* **Data for processing**
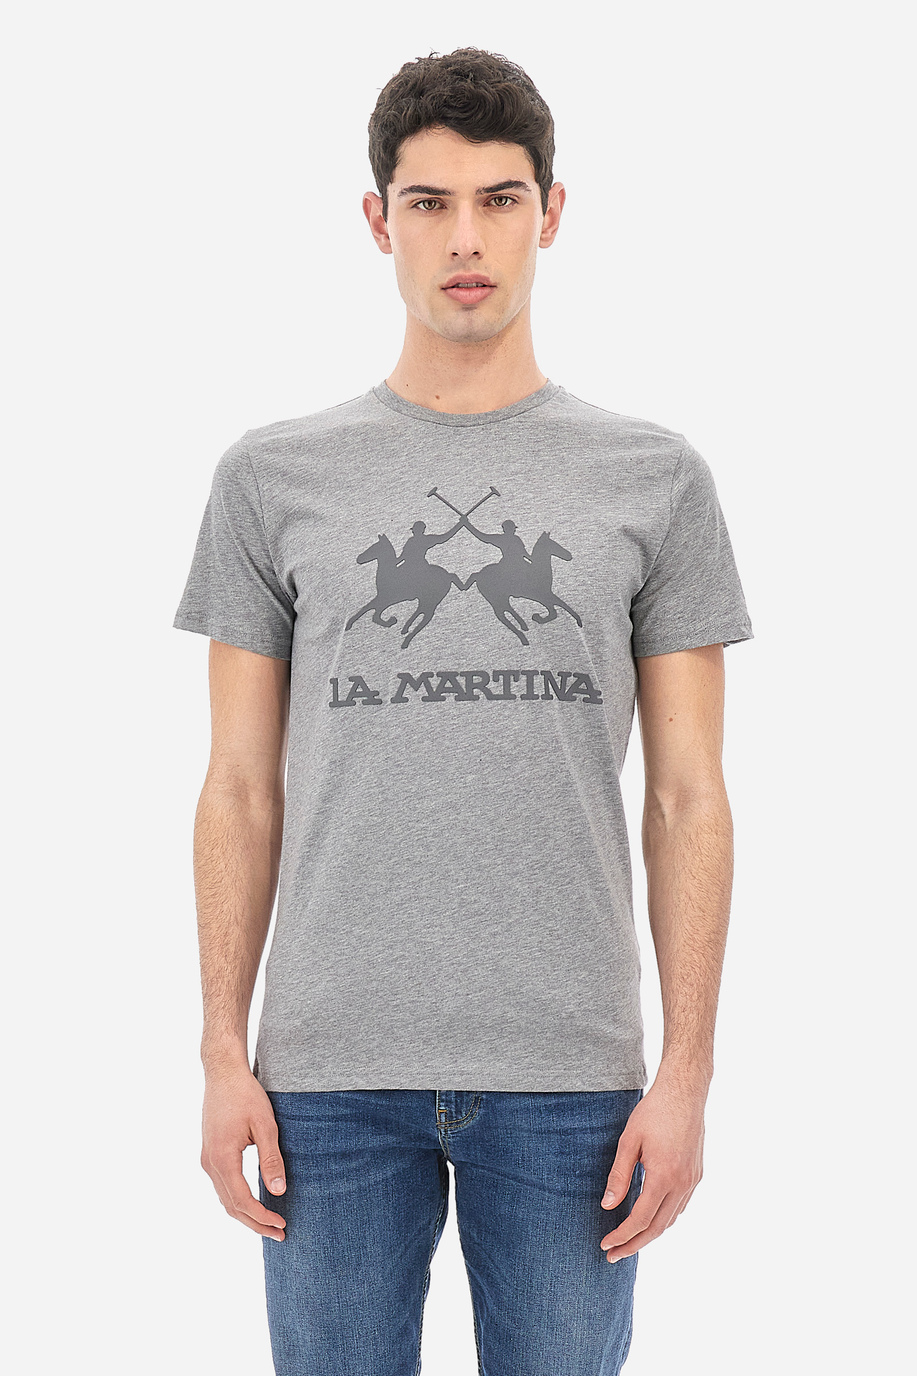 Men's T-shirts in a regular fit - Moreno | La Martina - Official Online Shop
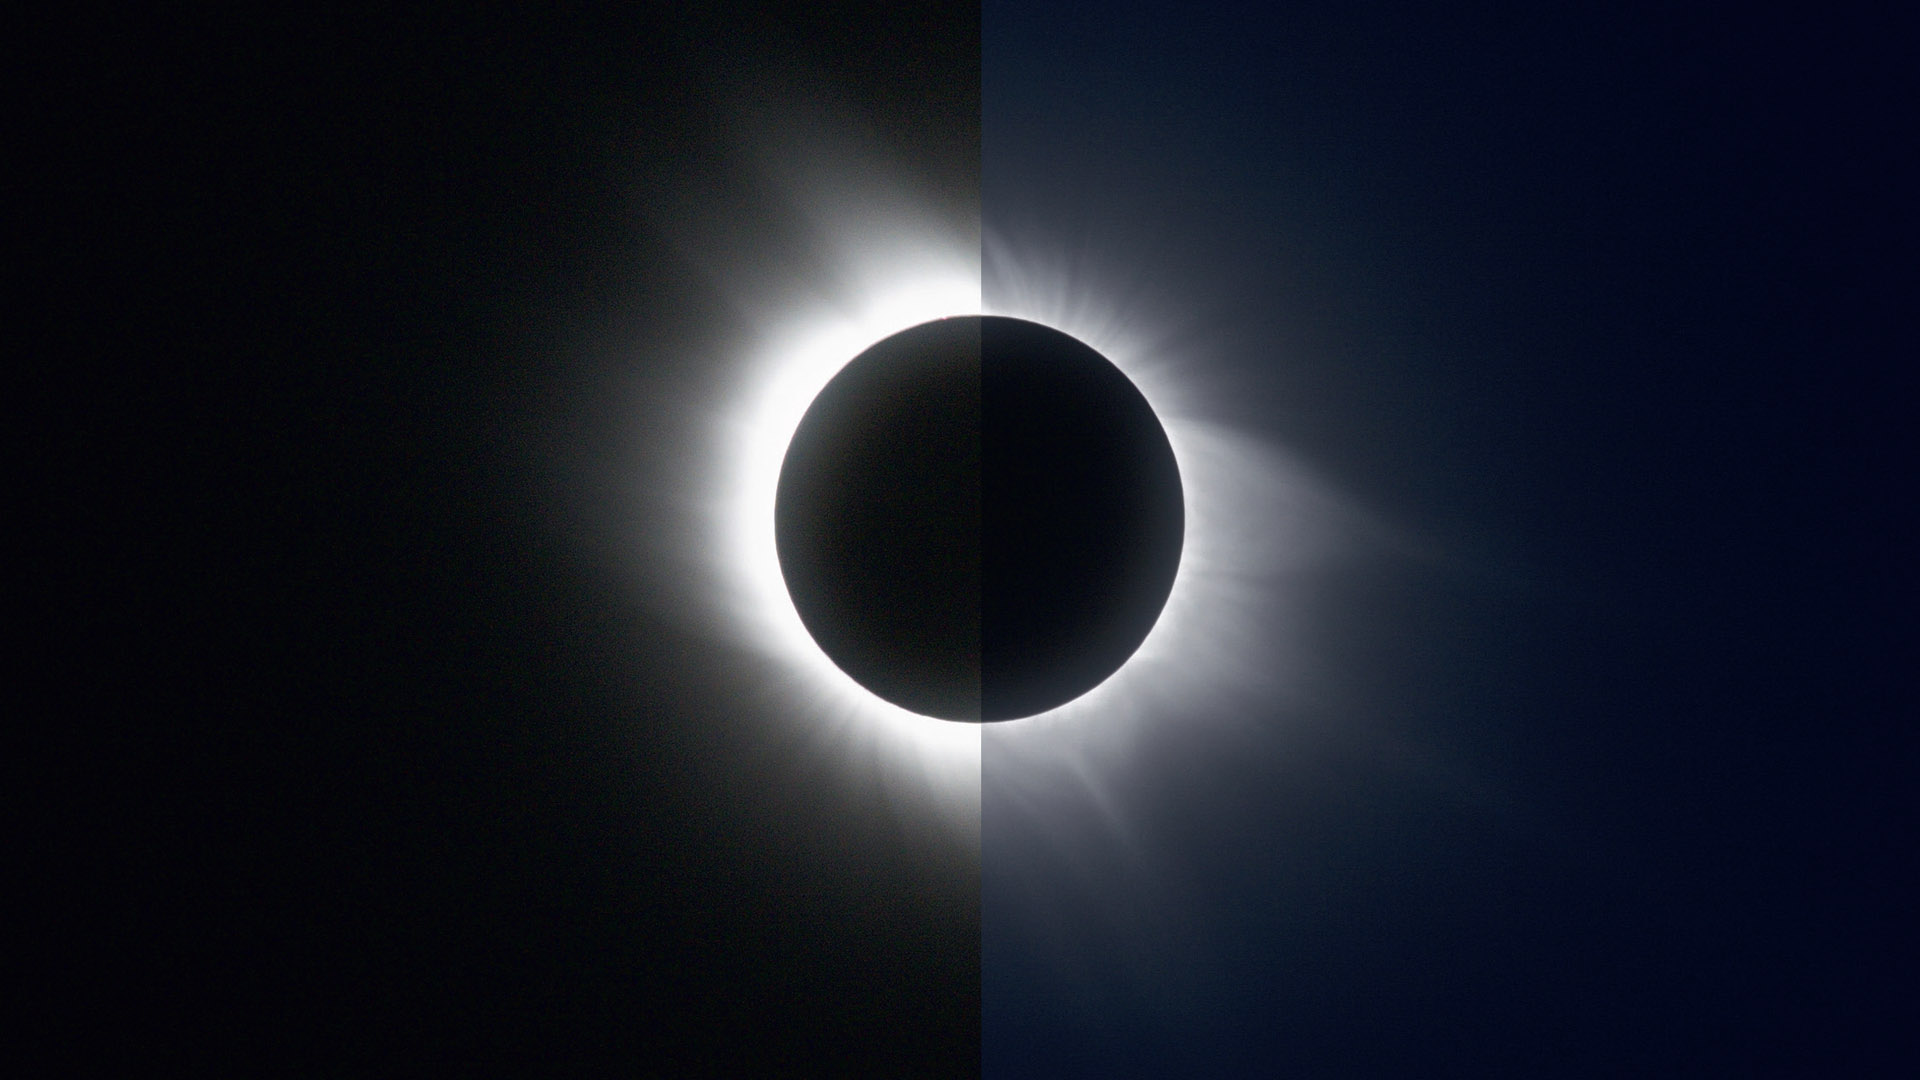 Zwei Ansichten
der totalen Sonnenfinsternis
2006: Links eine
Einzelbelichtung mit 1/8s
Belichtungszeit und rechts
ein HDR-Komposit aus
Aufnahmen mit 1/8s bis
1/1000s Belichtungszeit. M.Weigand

---

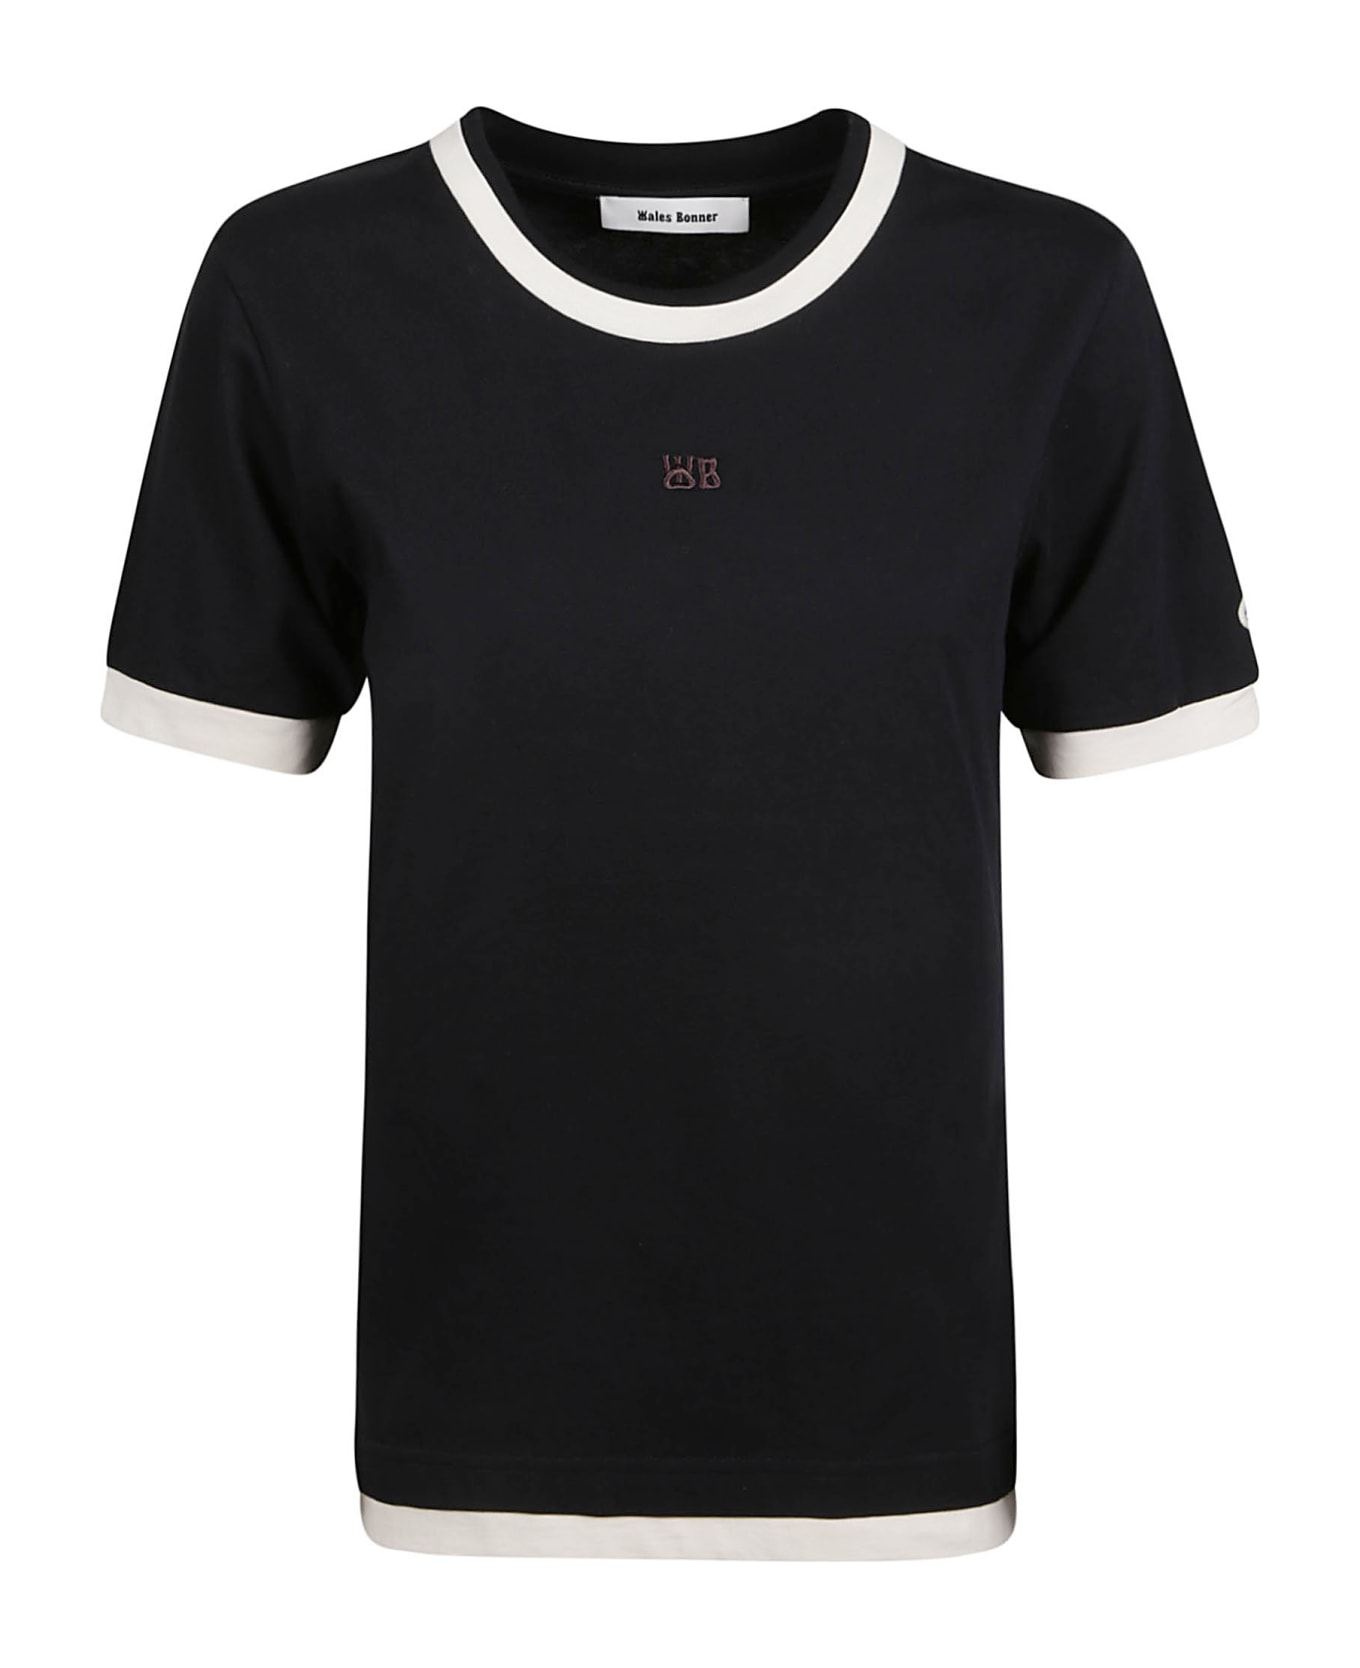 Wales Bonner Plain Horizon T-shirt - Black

* **Exercise description**
Nothing but a number should be given: the count of lines in the data above with the word "Belichtungszeit".

* **Expected answer**
2